His earlier apocalyptic prediction in 1994 also was a bust, but he said it didn't happen because of a mathematical error.
Mr. Camping told the San Francisco Chronicle on Sunday he was “flabbergasted” his latest doomsday prophecy did not come true.
Family Radio spent millions – some of it from donations made by followers – on more than 5,000 billboards and 20 recreational vehicles plastered with the doomsday message. In 2009, the non-profit reported in IRS filings that it received $18.3-million in donations, and had assets of more than $104 million, including $34-million in stocks or other publicly traded securities.
Gunther Von Harringa, who heads a religious organization that produces content for Mr. Camping's media enterprise, said he was “very surprised” the Rapture did not happen as predicted, but said he and other believers were in good spirits.
“We're still searching the Scriptures to understand why it did not happen,” said Von Harringa, president of Bible Ministries International, which he operates from his home in Delaware, Ohio. “It's just a matter of OK, Lord, where do we go from here?”

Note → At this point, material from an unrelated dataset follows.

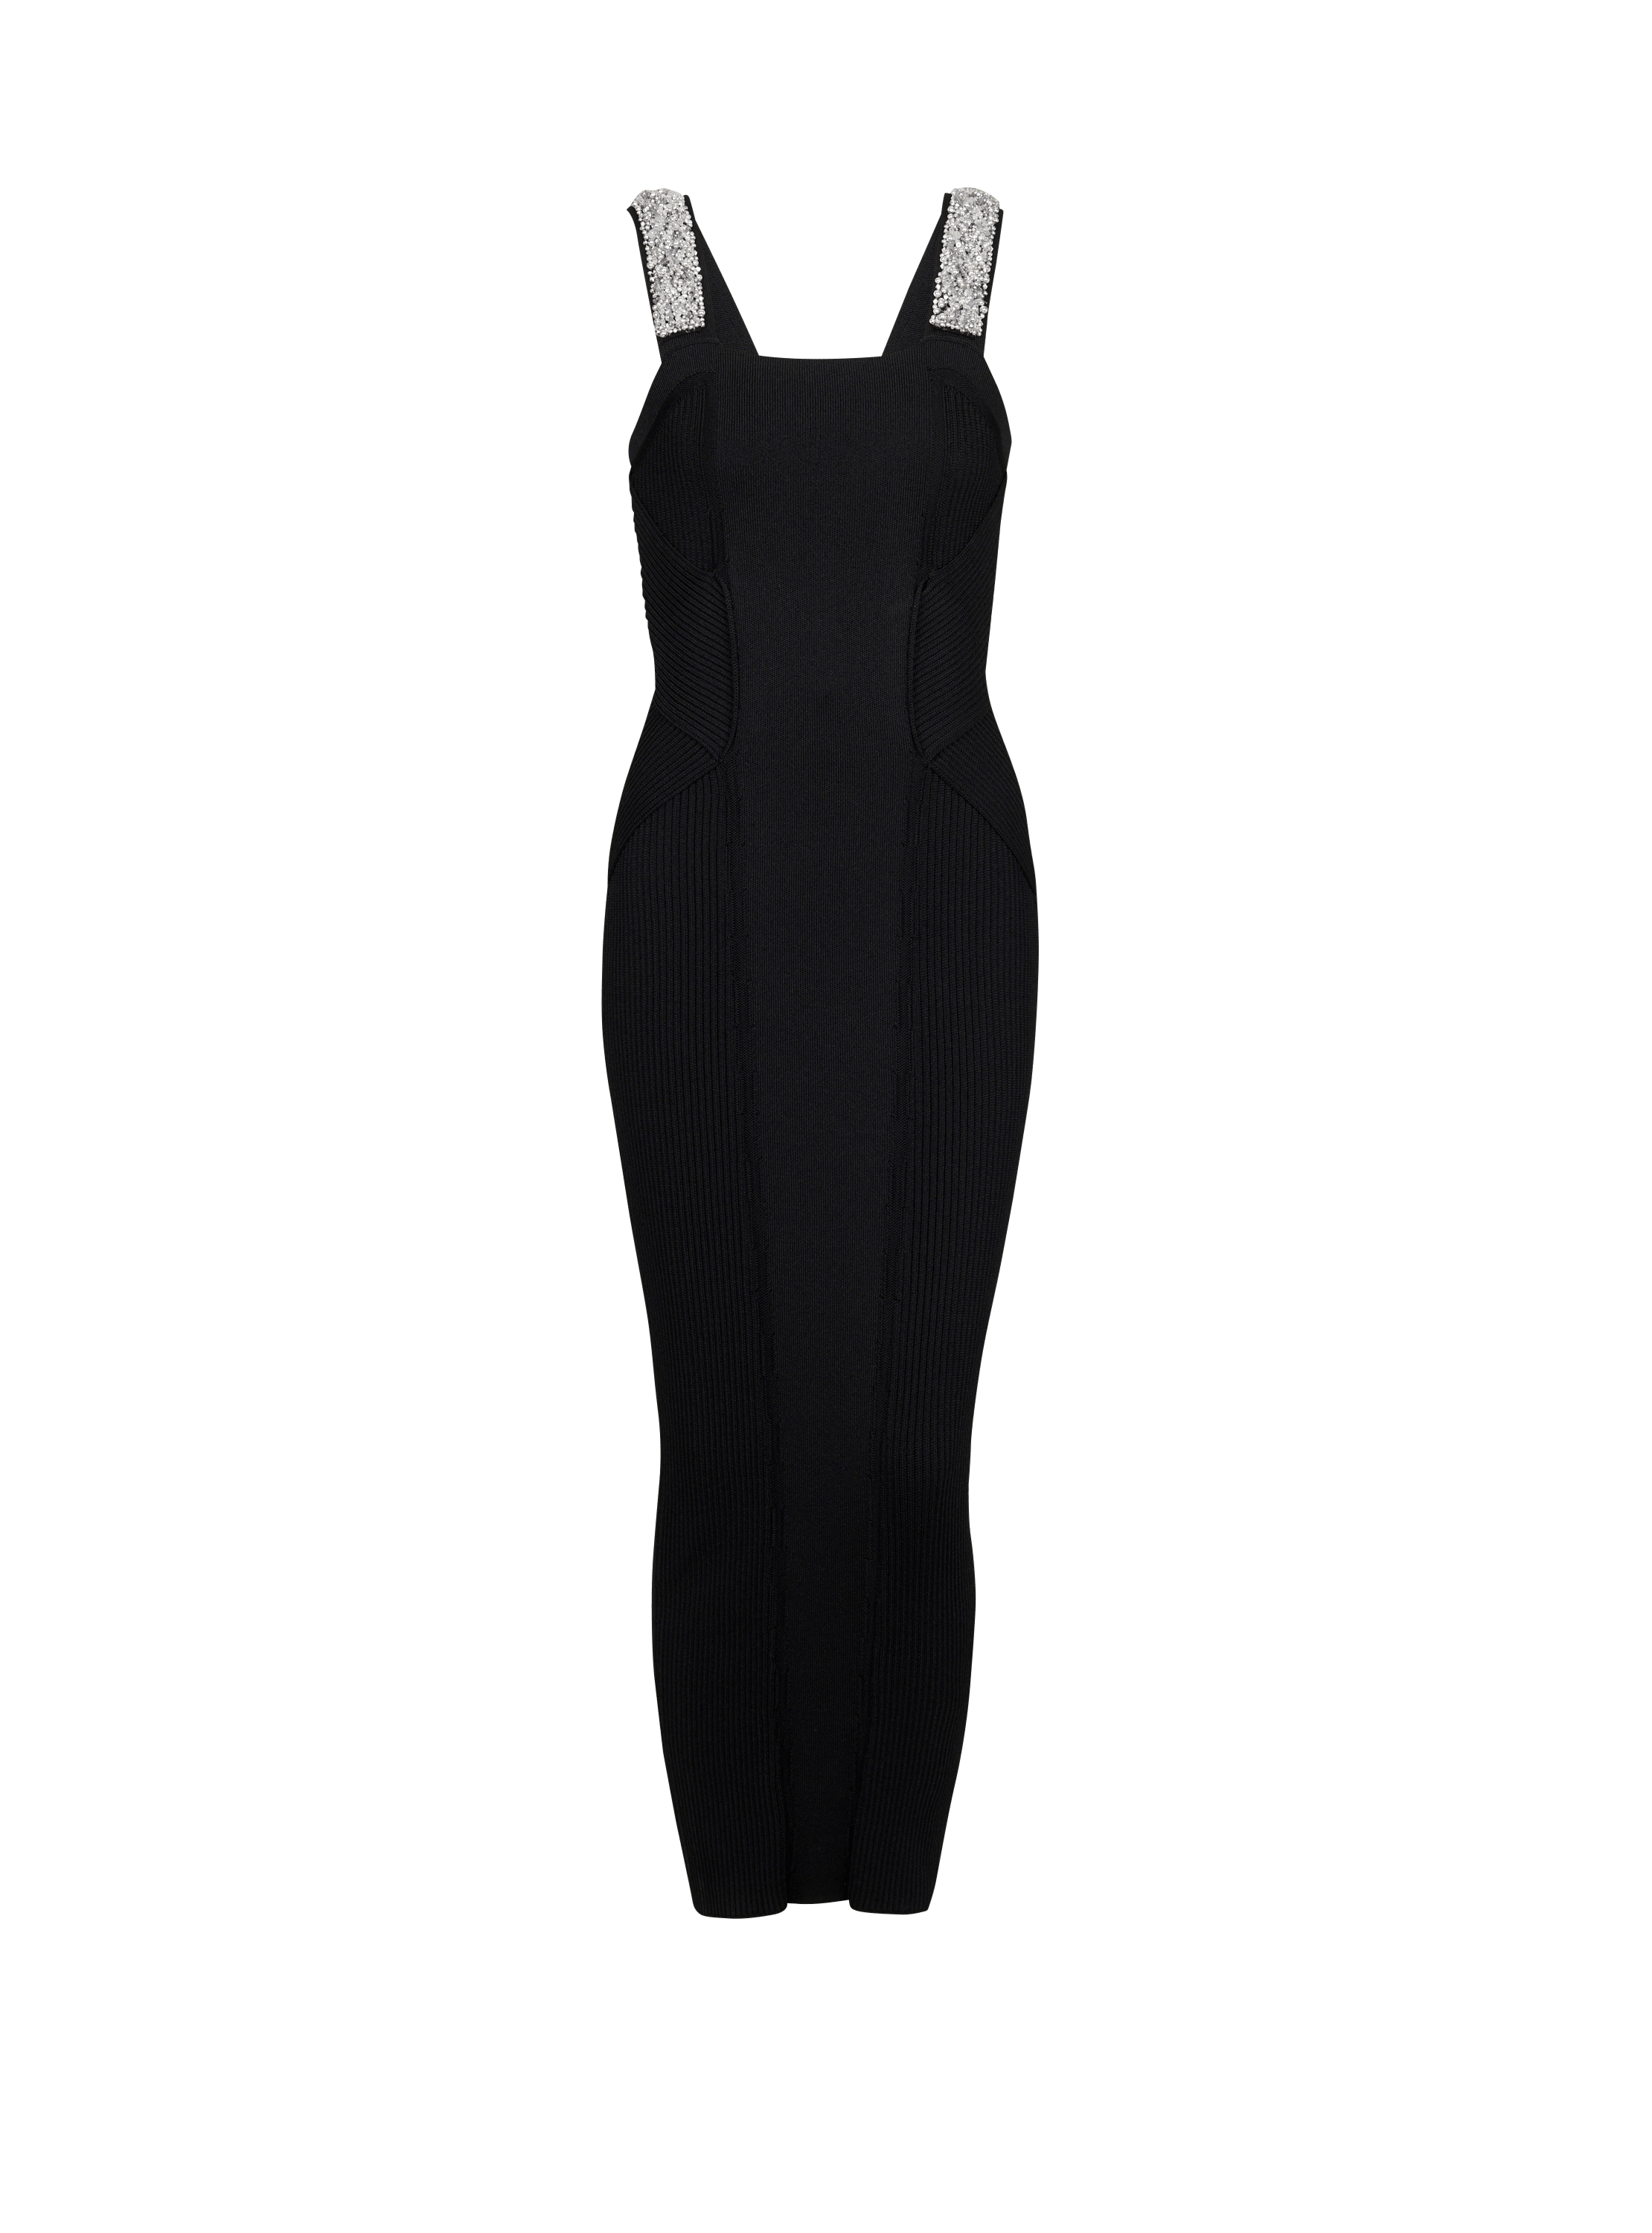 Embroidered long knit dress, black, hi-res
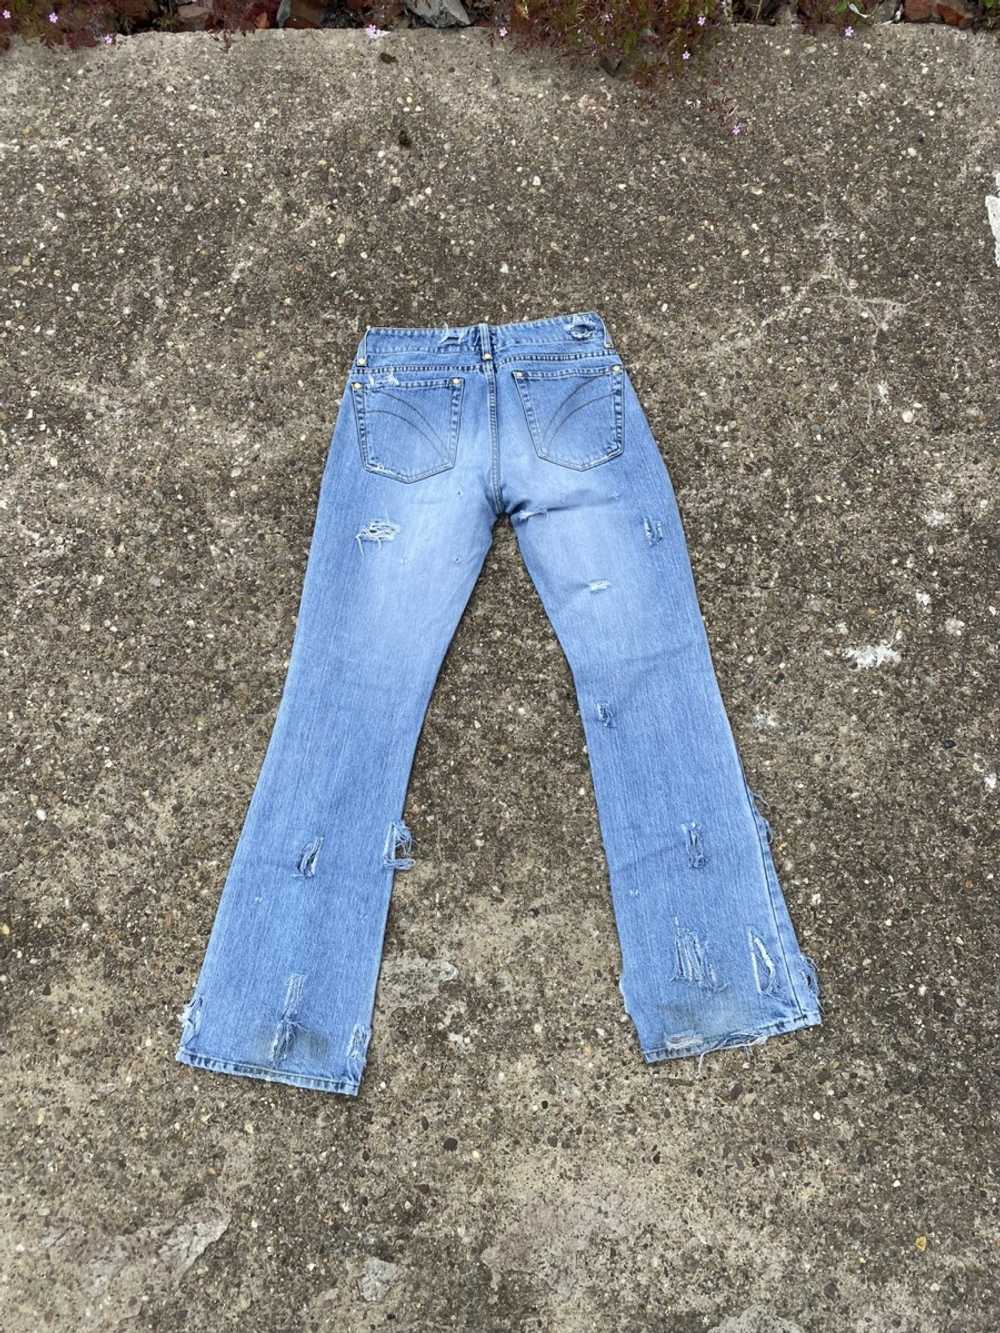 Vivienne Westwood RARE flared vintage denim jeans… - image 2

Apocalyptic thinking has always been part of American religious life and popular culture. Teachings about the end of the world vary dramatically – even within faith traditions – about how they will occur.
Still, the overwhelming majority of Christians reject the idea that the exact date or time of Jesus' return can be predicted.
Tim LaHaye, co-author of the bestselling “Left Behind” novels about the end times, recently called Camping's prediction “not only bizarre but 100 per cent wrong!” He cited the bible verse Matthew 24:36, ‘but about that day or hour no one knows“ except God.
“While it may be in the near future, many signs of our times certainly indicate so, but anyone who thinks they ‘know' the day and the hour is flat out wrong,” Mr. LaHaye wrote on his Web site, leftbehind.com.
Signs of disappointment were evident online, where groups that had confidently predicted the Rapture – and, in some cases, had spent money to help spread the word through advertisements – took tentative steps to re-establish Internet presences in the face of widespread mockery.
The Pennsylvania-based group eBible Fellowship still has a website with images of May 21 billboards all over the world, but its Twitter feed has changed over from the increasingly confident predictions before the date to circumspect Bible verses that seem to speak to the confusion and hurt many members likely feel.
“For a small moment have I forsaken thee; but with great mercies will I gather thee,” the group tweeted on Sunday, quoting the book of Isaiah.
Family Radio's special projects co-ordinator, Michael Garcia has said he believed the delay was God's way of separating true believers from those willing to doubt what he said were clear biblical warnings.
“Maybe this had to happen for there to be a separation between those who have faith and those who don't,” he said. “It's highly possible that our Lord is delaying his coming.”